▸ **Assignment**: What is the number of lines in this data that contain the word "sleutel"? Give the number alone.

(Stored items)
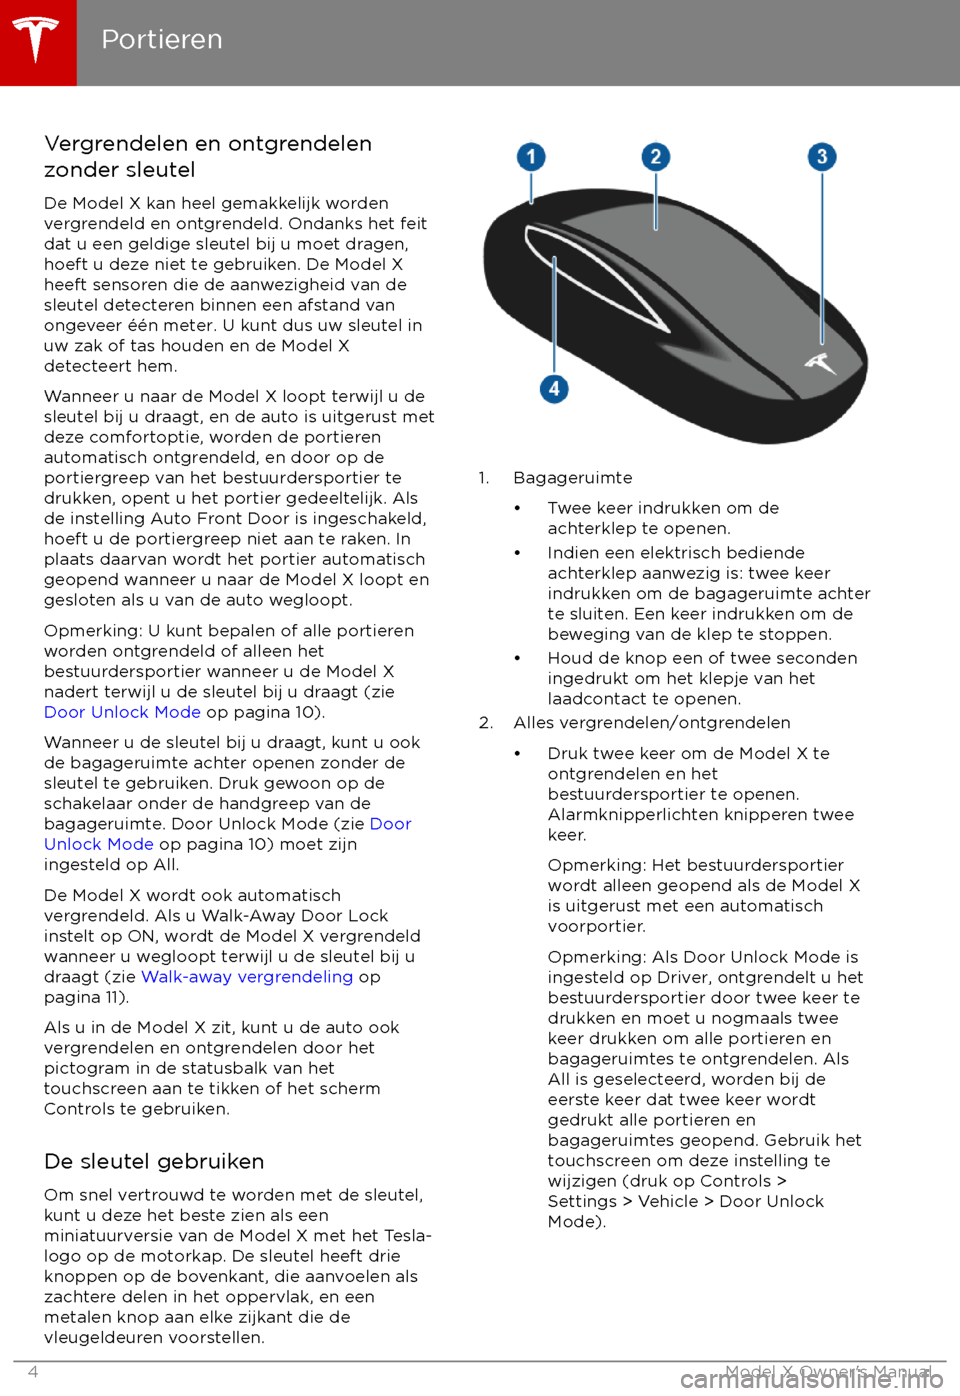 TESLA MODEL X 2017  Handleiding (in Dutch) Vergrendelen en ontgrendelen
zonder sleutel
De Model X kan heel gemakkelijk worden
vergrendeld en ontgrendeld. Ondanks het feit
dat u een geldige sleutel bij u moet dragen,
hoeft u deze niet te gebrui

▸ **Reply**: 2